§ **EXERCISE GOAL**: A verbatim copy of the listing is needed; pictures are to be left out.

§ **SUPPLIED INFORMATION**:

==========

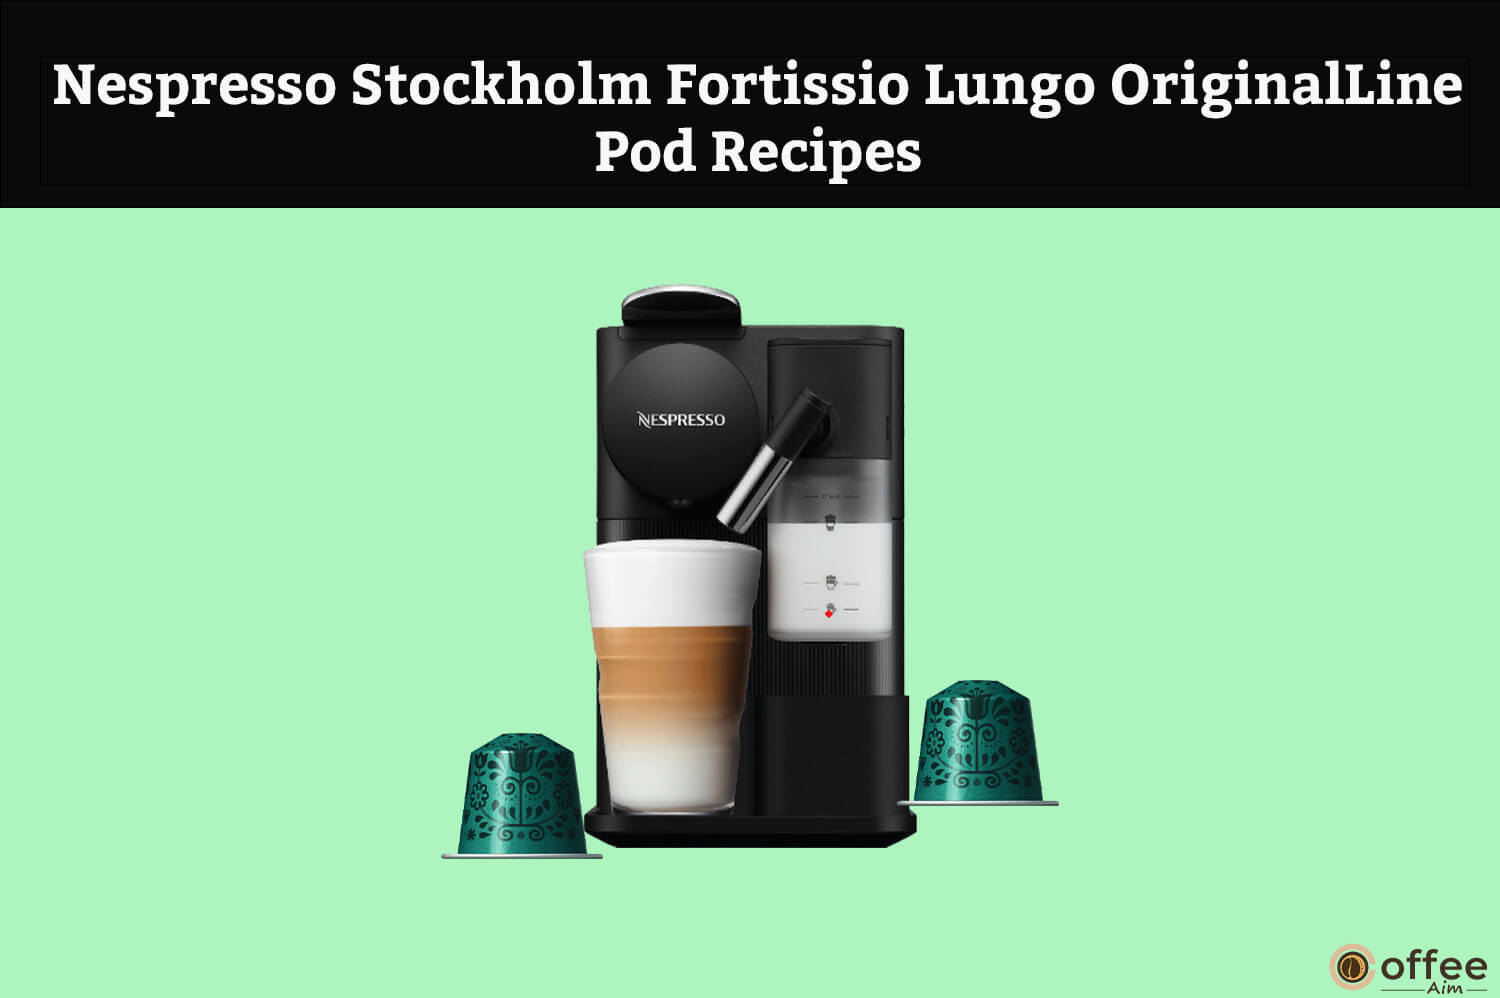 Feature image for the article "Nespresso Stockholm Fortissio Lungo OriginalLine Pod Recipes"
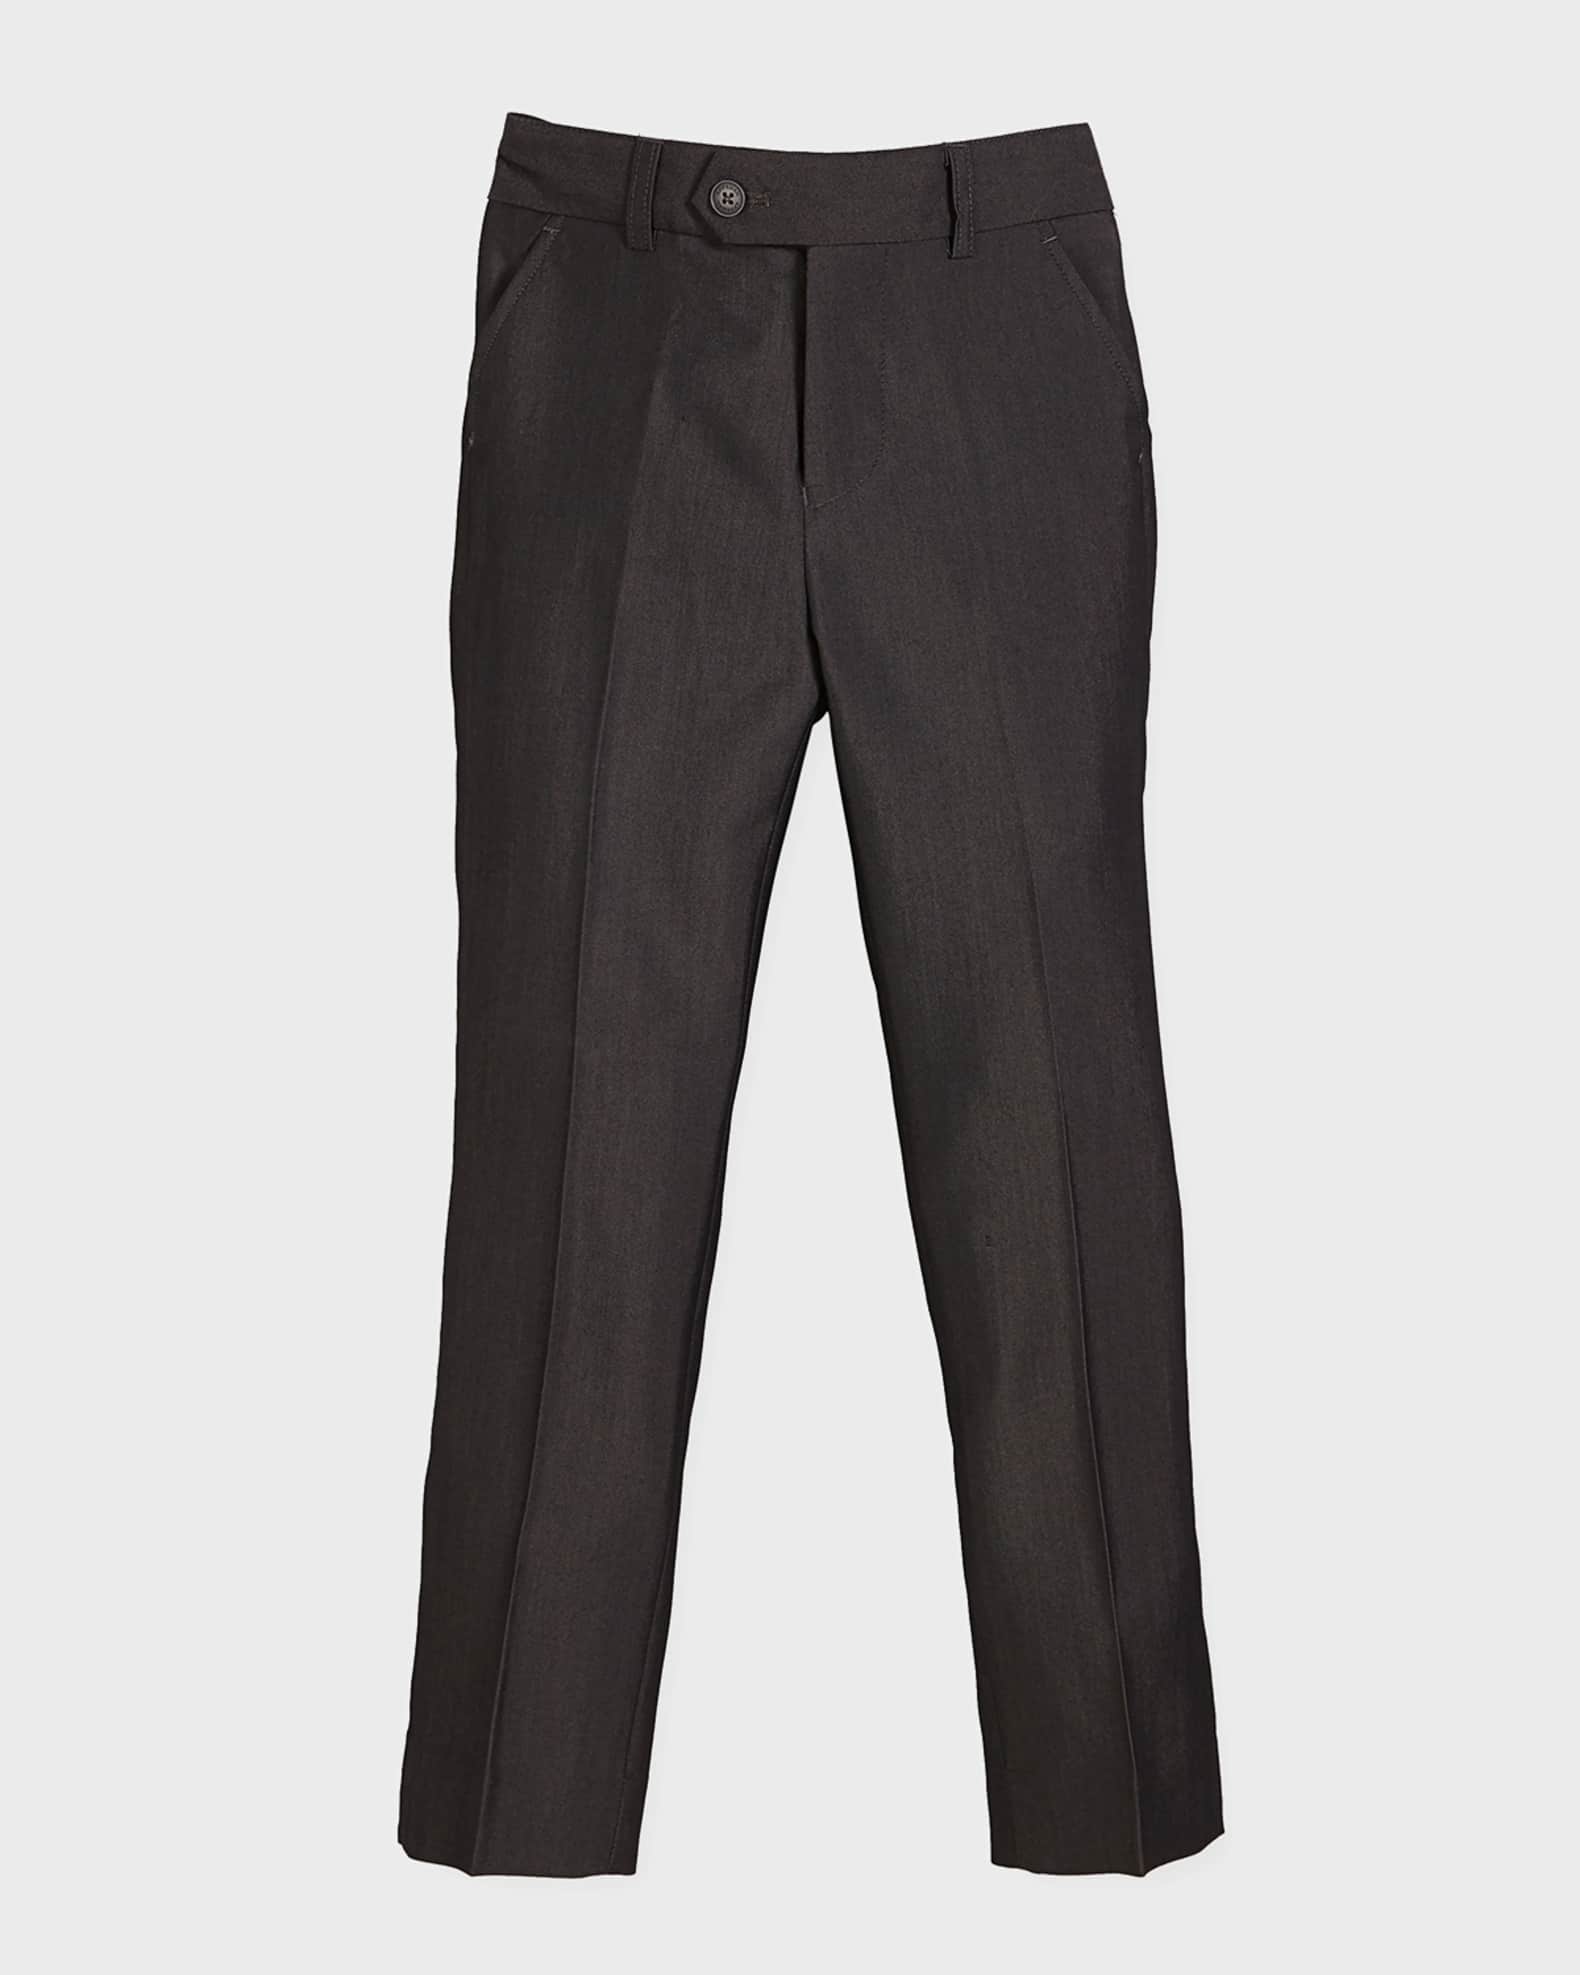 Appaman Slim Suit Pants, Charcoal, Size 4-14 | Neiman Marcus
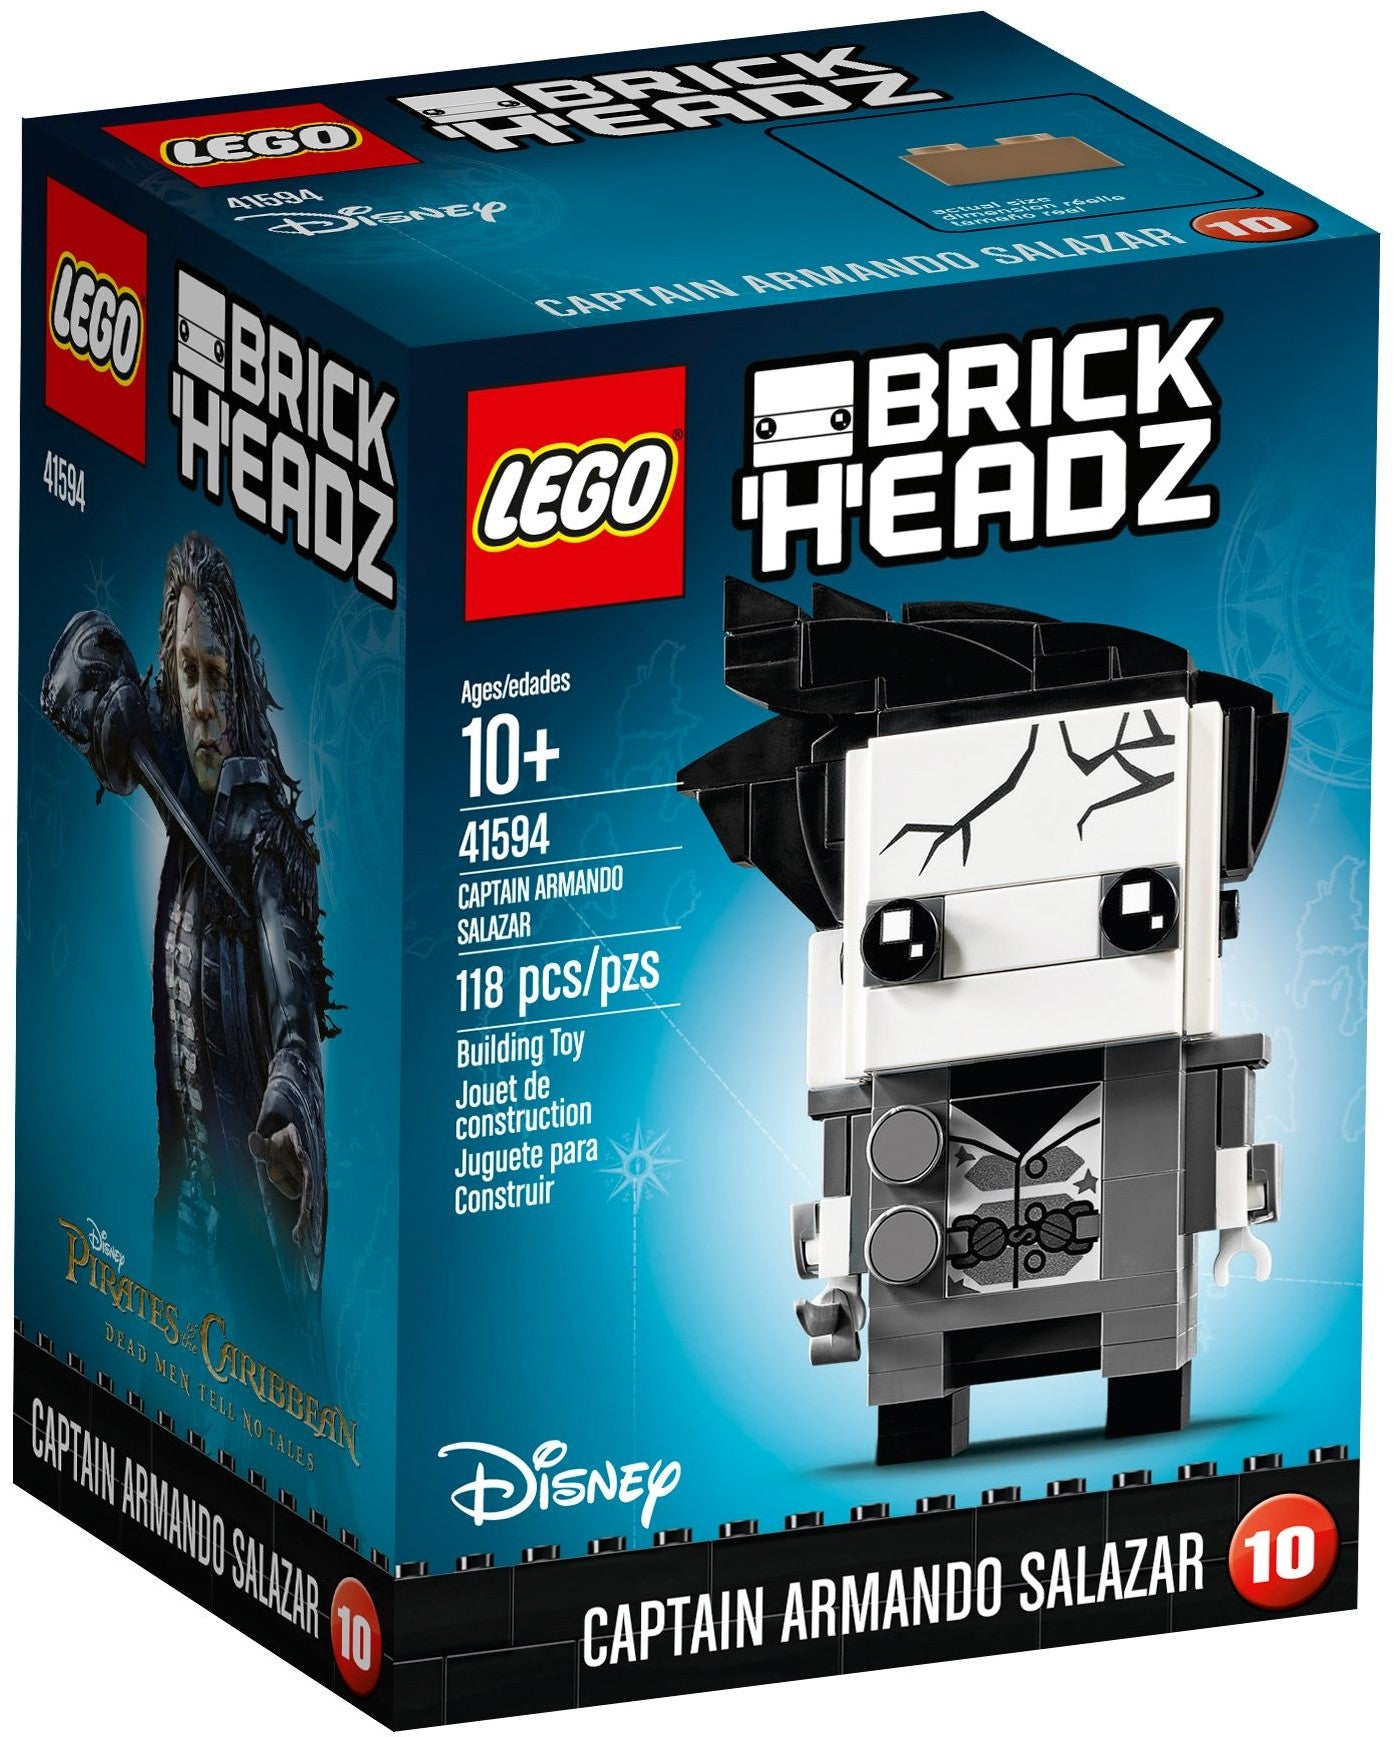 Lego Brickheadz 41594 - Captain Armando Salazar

==========

§ **WRITTEN REPLY**:
 Feature image for the article "Nespresso Stockholm Fortissio Lungo OriginalLine Pod Recipes"
 Appaman Slim Suit Pants, Charcoal, Size 4-14 | Neiman Marcus
 Lego Brickheadz 41594 - Captain Armando Salazar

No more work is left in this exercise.